> Provided material:

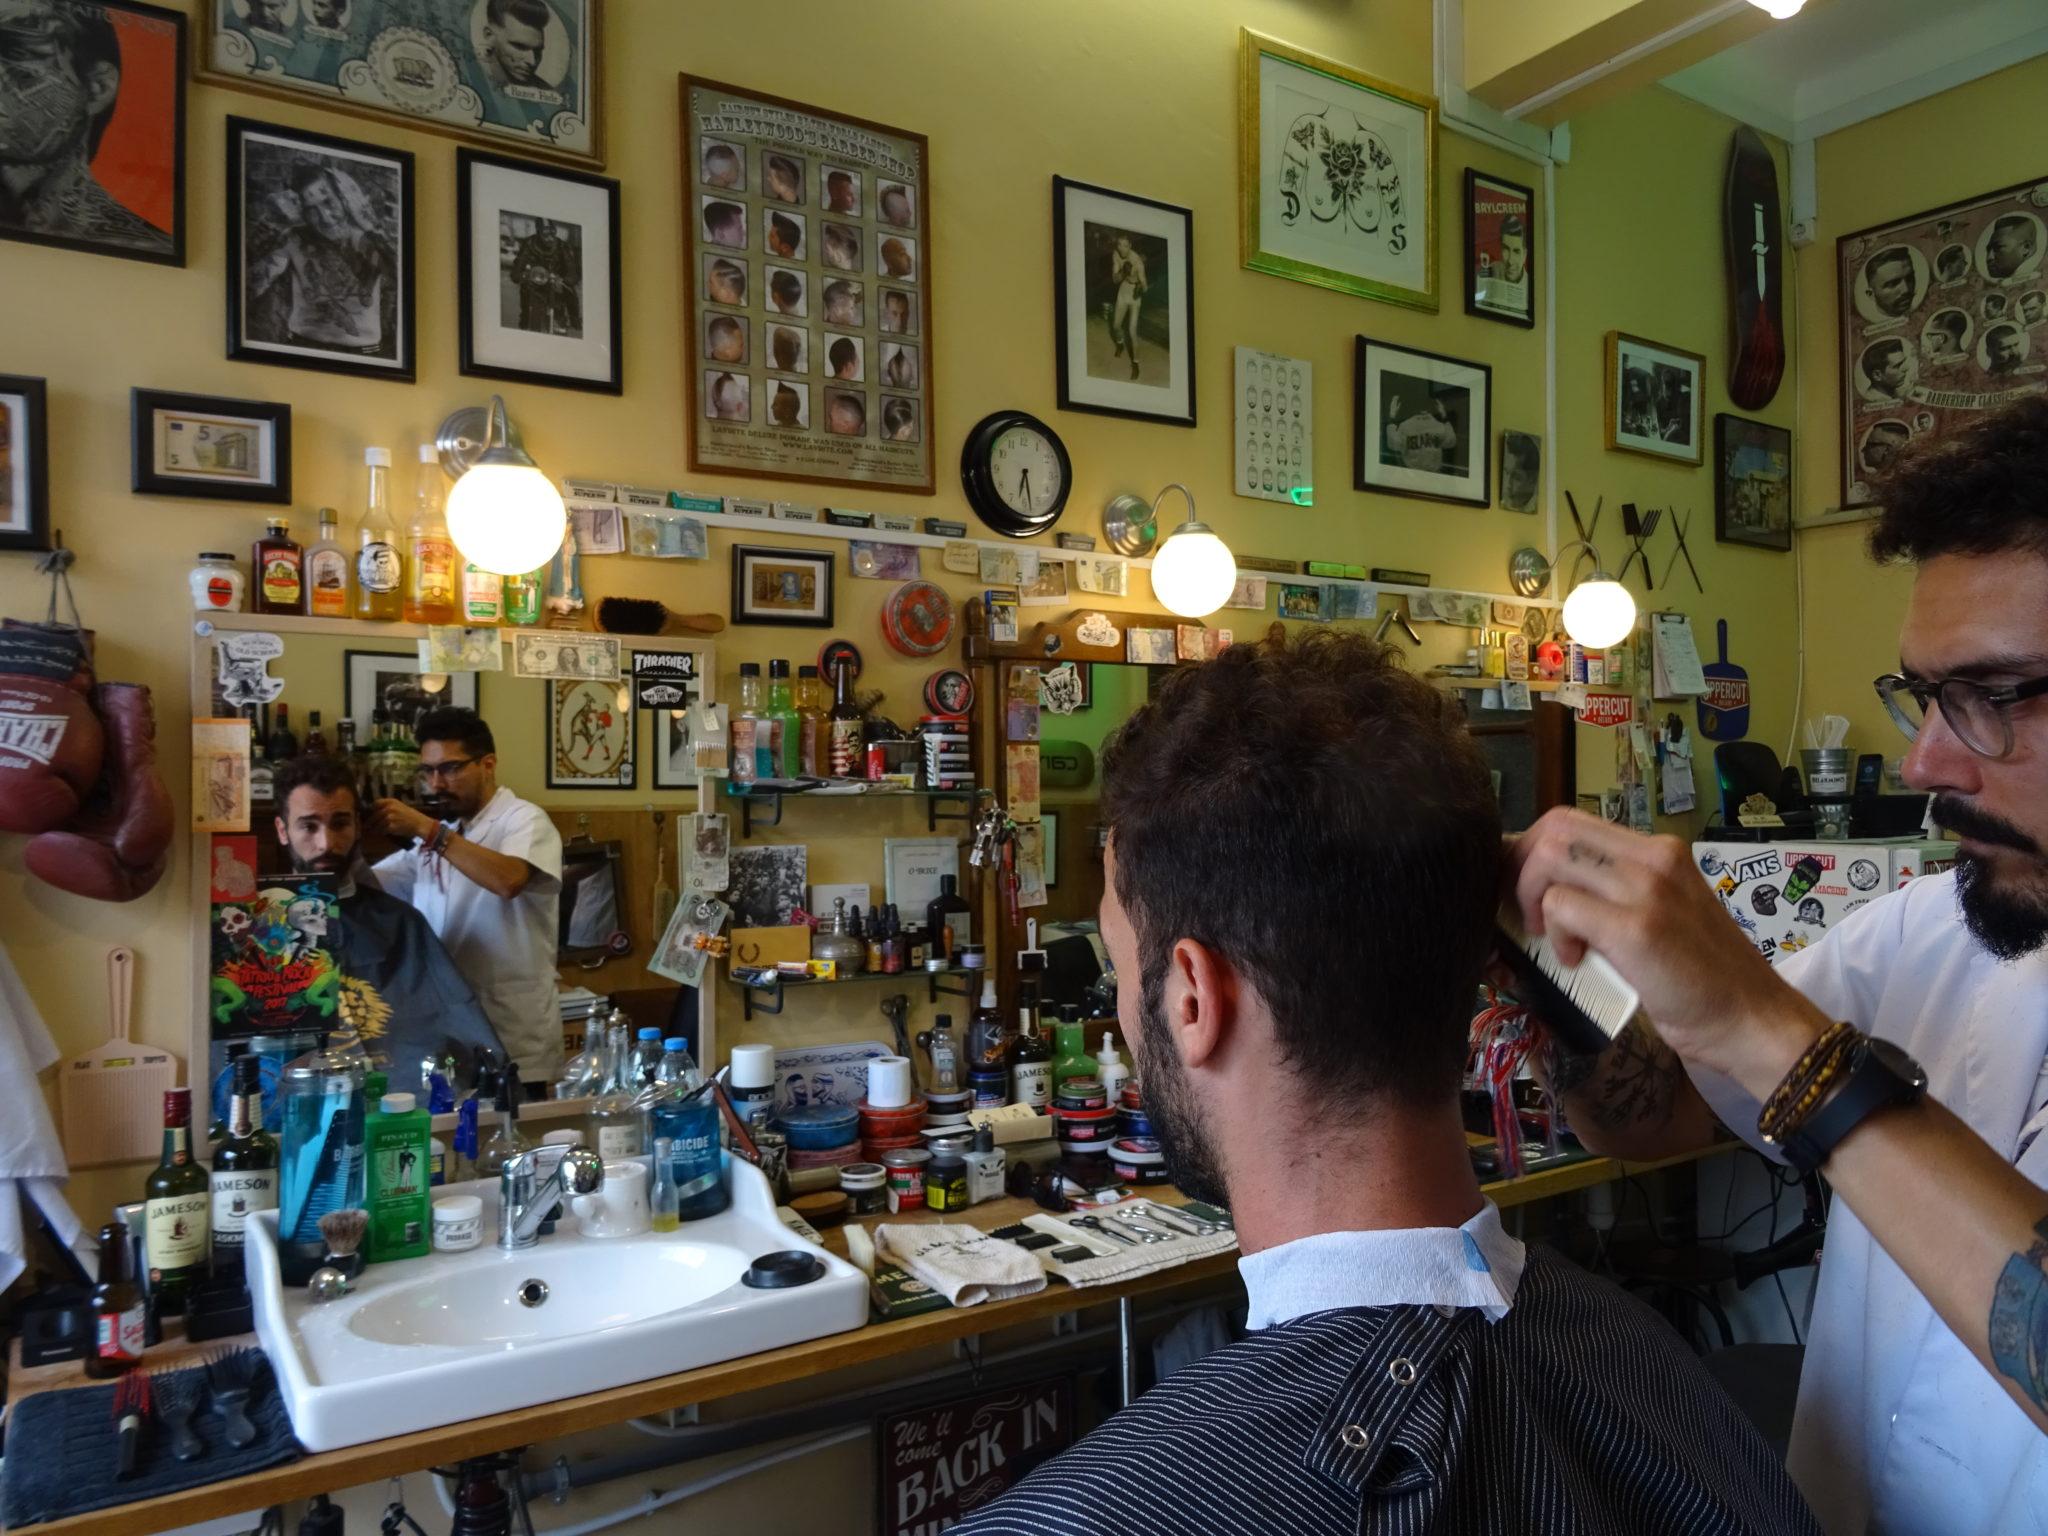 barber shop barbershop vintage classic haircut lisboa lisbon men barbe hair hairstyle
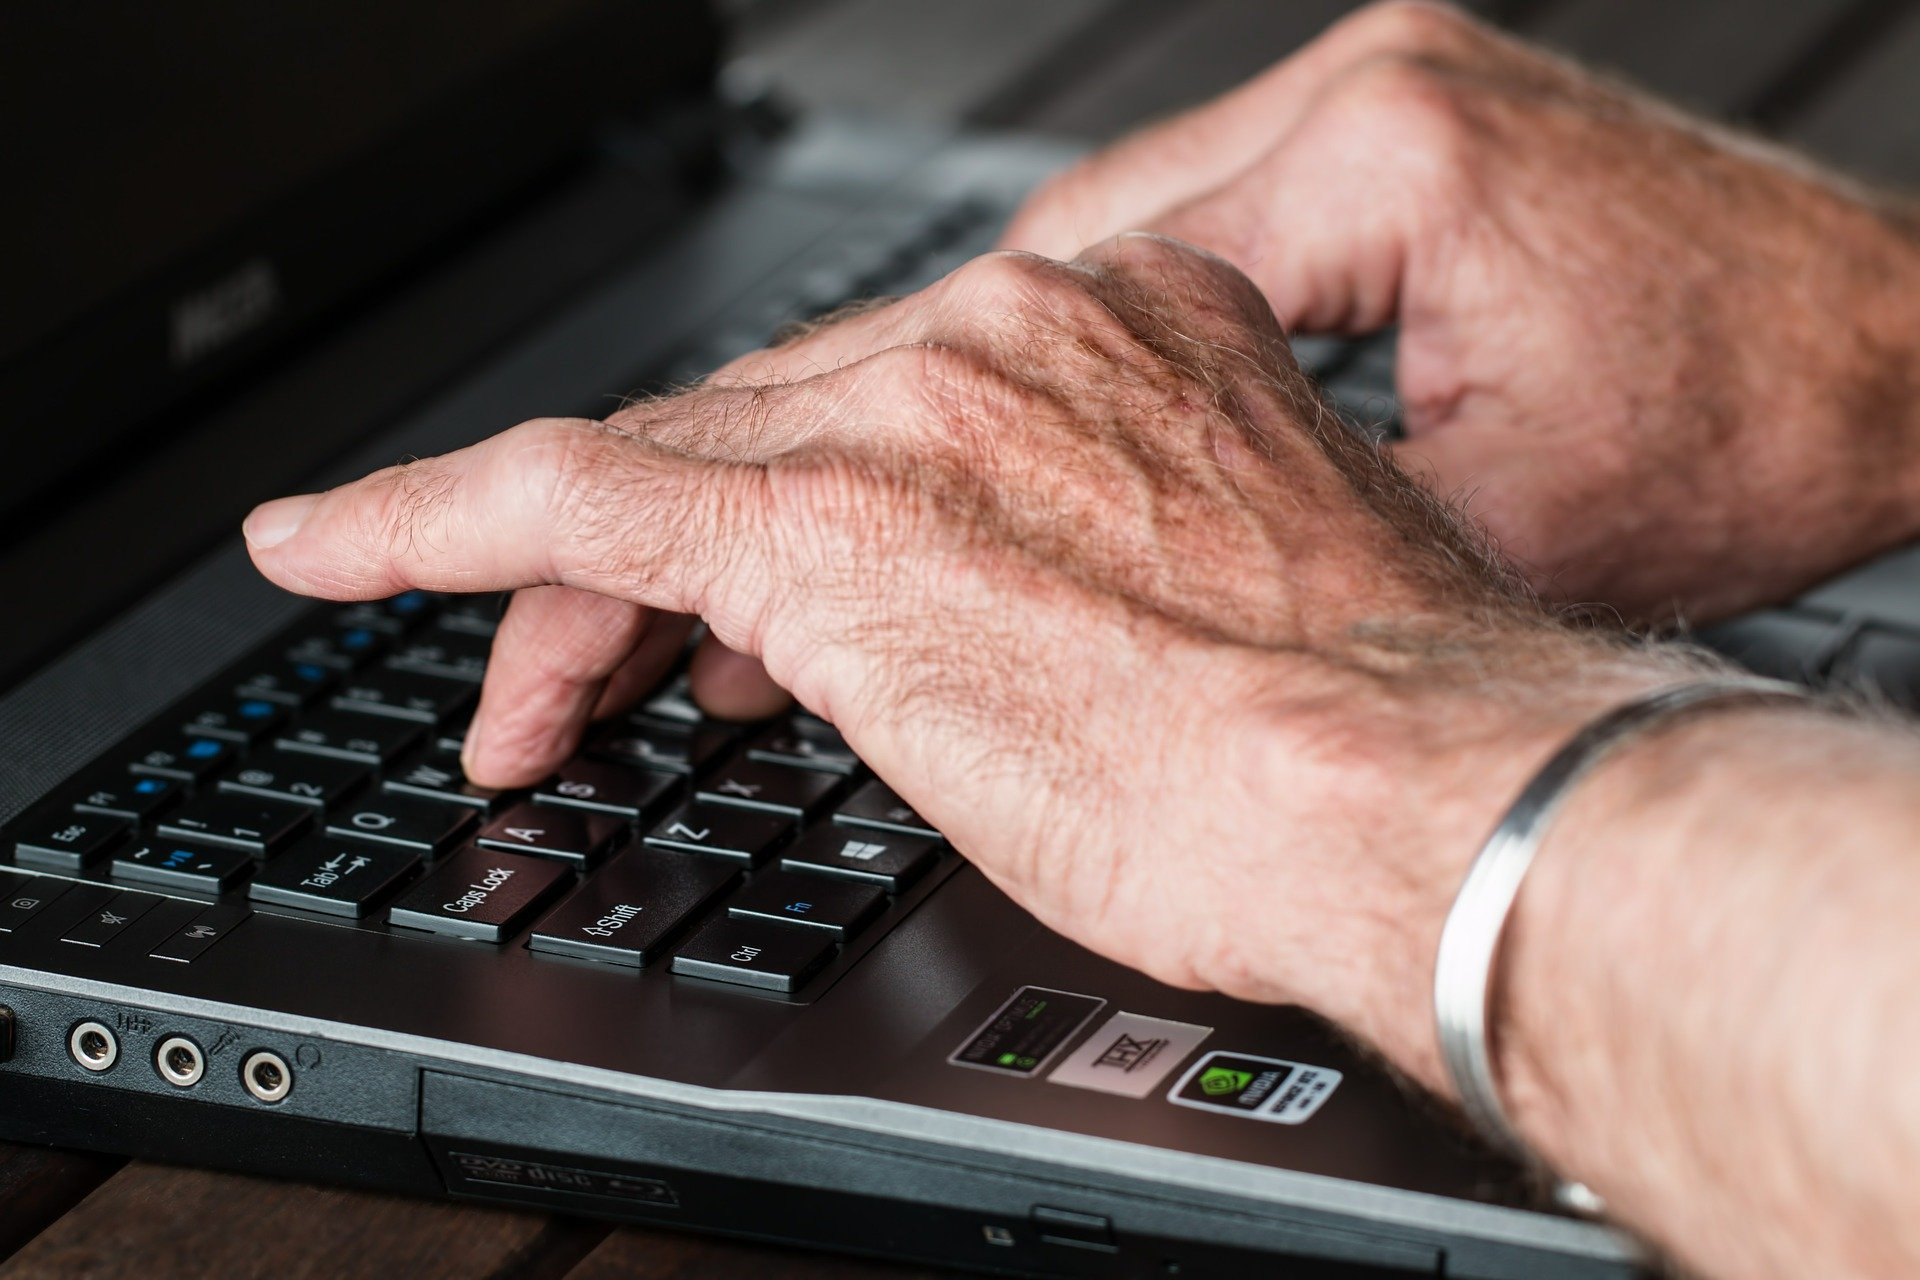 Avec la réforme annoncée des retraites, la QVT des collaborateurs séniors doit être au cœur des préoccupations des entreprises
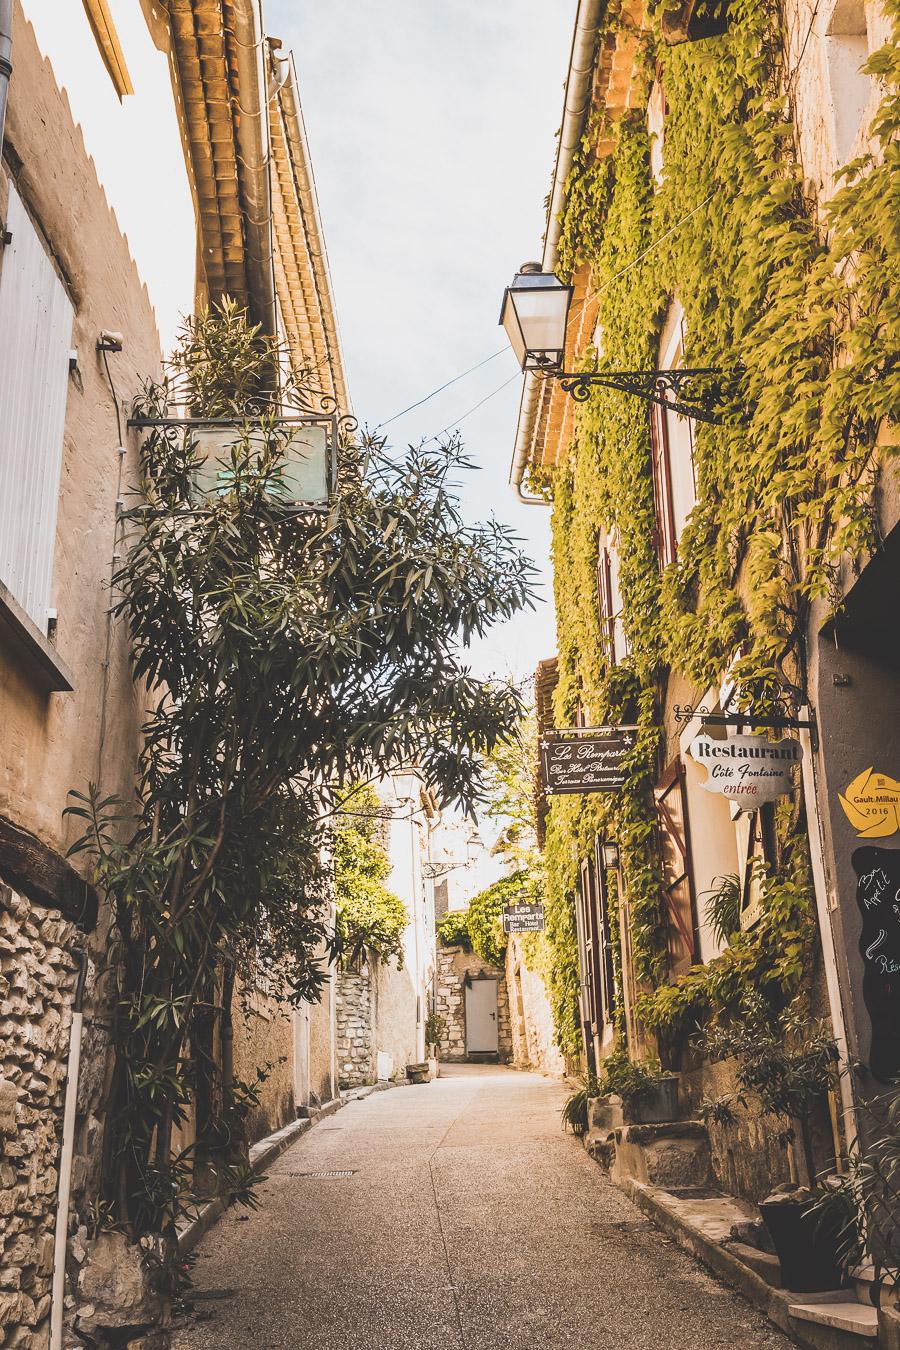 Vénasque, Plus Beau Village de France

> Description of the task: Please set down the lines above word for word and leave out the pictures.

> Written response:
 barber shop barbershop vintage classic haircut lisboa lisbon men barbe hair hairstyle
 Avec la réforme annoncée des retraites, la QVT des collaborateurs séniors doit être au cœur des préoccupations des entreprises
 Vénasque, Plus Beau Village de France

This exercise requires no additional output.